В советских отрывных календарях, которые выпускал Госполитиздат, было принято отсчитывать годы, прошедшие со времени Октябрьской революции. Если нечего отсчитывать — даты, связанные с классиками и важными, но классово правильными событиями. Потом смягчились: отсчитывать еще надо было, но появились рецепты, сезонные шутки, загадки и даже любовные стишки.
Но были и родственники помладше. Это не настенные календари и не отрывные. Это — календарики.
Наверное, у многих в детстве было такое хобби. Например, кто-то клеил модели самолетов (у Дмитрия Быкова есть прозрачное стихотворение про апрель, и сейчас мы на время забудем про календарики и календари):

Весенний первый дождь. Вечерний сладкий час,
Когда еще светло, но потемнеет скоро.
По мокрой мостовой течет зеленый глаз
Приветствующего троллейбус светофора,
Лиловый полумрак прозрачен, но уже
Горит одно окно на пятом этаже.

В стихотворении мальчик клеит сборную модель самолета. И вот почти законченный самолет уже стоит, раскинувший крыла, посреди стола. Свет лампы, на столе — напильник, ножницы, флакончик ацетона.
Я помню эти модели: меня их тоже заставляли клеить. Заканчивалось все тем, что я шел спать, а модель доклеивал папа. Но тот апрель за красивой сахарницей на окне (на стол ставилась замусоленная фаянсовая ее сестра, сахарница же из стекла и металла выполняла роль вазочки — для чего? да для ничего, для ниток или каких-то записок, мелких предметов, карандашей, заколок) я тоже никогда не забуду.

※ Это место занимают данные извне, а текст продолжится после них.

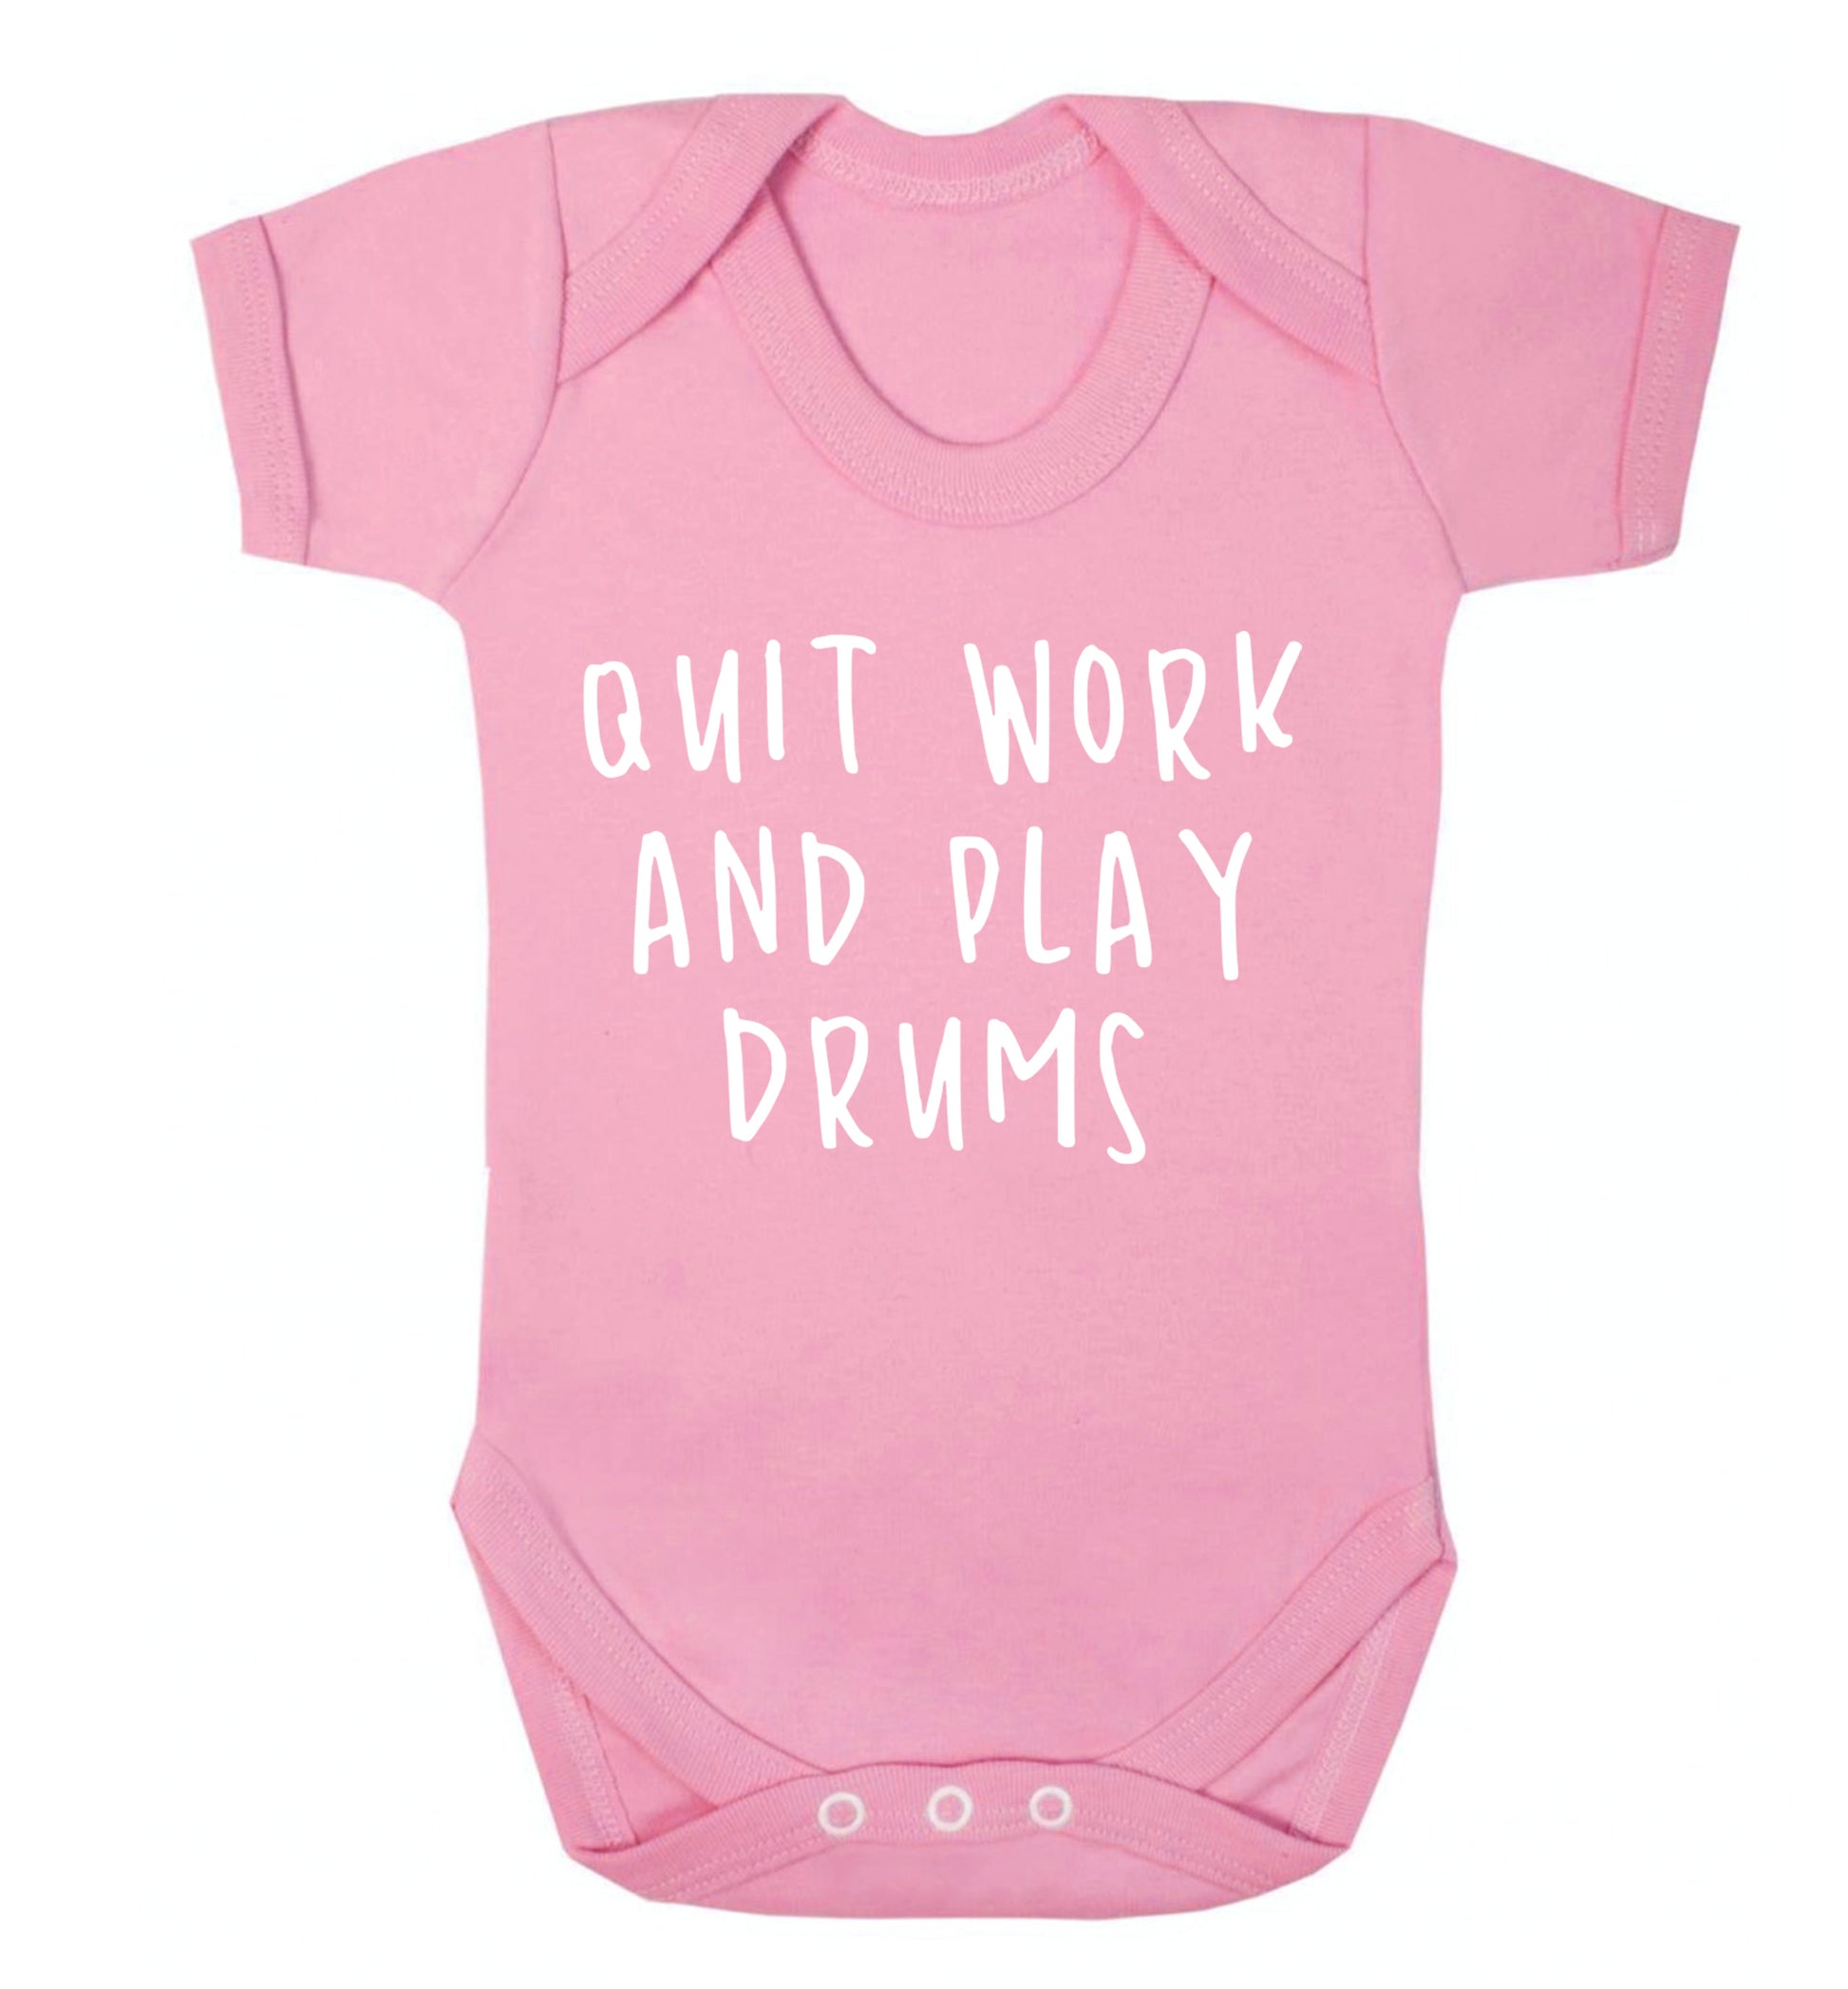 Quit work and play drums Baby Vest pale pink 18-24 months

…Я знаю, что и я когда-нибудь умру,
И если, как в одном рассказике Катерли,
Мы, обнесенные на грустном сем пиру,
Там получаем все, чего бы здесь хотели,
И все исполнится, чего ни пожелай, —
Хочу, чтобы со мной остался этот рай:
Весенний первый дождь, вечерний сладкий час,
Когда еще светло, но потемнеет скоро,
Сиреневая тьма, зеленый влажный глаз
Приветствующего троллейбус светофора,
И нотная тетрадь, и книги, и портфель,
И гаммы за спиной, и сборная модель.

Где теперь эти модели, Дмитрий Львович? Кто их теперь клеит? (О, ужасный русский язык. Теперь эта фраза читается совсем иначе. А мы и не знали этих значений: клеить — это было проводить кисточкой по ребру детали и потом прижимать к другой, и модель была совсем не глянцевой.)
И пусть кто-то клеил самолеты, собирал марки. Но календарики — были лучшим и самым увлекательным собирательством. Они покупались в киосках, они выменивались у друзей, но высший пилотаж — они выигрывались. (Я нет, я не собирал, не выменивал и не выигрывал — я только свидетель.)
Читаю где-то: «Да, мы играли “в календарики”. Так мы тогда называли эту игру. Сейчас я понимаю, что это правильнее было бы назвать игрой в кости, где вместо ставок были календари — наши деньги, наша драгоценность, наша основная валюта. Мы играли в школе на переменах, во дворе на лавочках или у кого-нибудь дома. Для игры в основном шел “допнабор коллекции” — двойные или менее интересные календари. Основная коллекция в основном не трогалась и доставалась исключительно для показа или обмена».
Вся ценность лота и выигрыша не зависела от реальной стоимости (они и стоили-то, наверное, одинаково). Главным критерием была редкость.
Календарики Госстраха были самыми частыми, ценности не имели почти никакой. Дороже ценились календари с городскими видами (в каждом городе — свои). Потом календарики с картинками из мультфильмов и сказок. (Тоже невысокая ценность — никому не хочется казаться ребенком.) Ну а потом шли календари «цирковые», а высший пилотаж — с портретами известных артистов. Я смотрю сейчас в интернете на эти артистические календарики и почти никого из актеров не узнаю.
Удивительно, что все это существовало параллельно: коллекции календариков и тот же Всеволод Некрасов (а он ведь тоже советский: попробуй изъять из него эту спицу, спицу неприятия всего параллельного ему строя, и половина его текстов станут туманными, хотя другая половина не нуждается, конечно, ни в каких приметах времени, живет уже в своей вечности коротких слов и междометий).

Всё
Слушаем море.

В этом стихотворении, состоящем из всего трех слов (я даже специально выделил его кавычками, чтобы оно не потерялось в тексте, не слилось, не склеилось), есть и жест, и программа. Это стихи как бы вообще без внешних признаков письма. Как пишет один критик: «…по непривычности их даже можно принять за не-стихи».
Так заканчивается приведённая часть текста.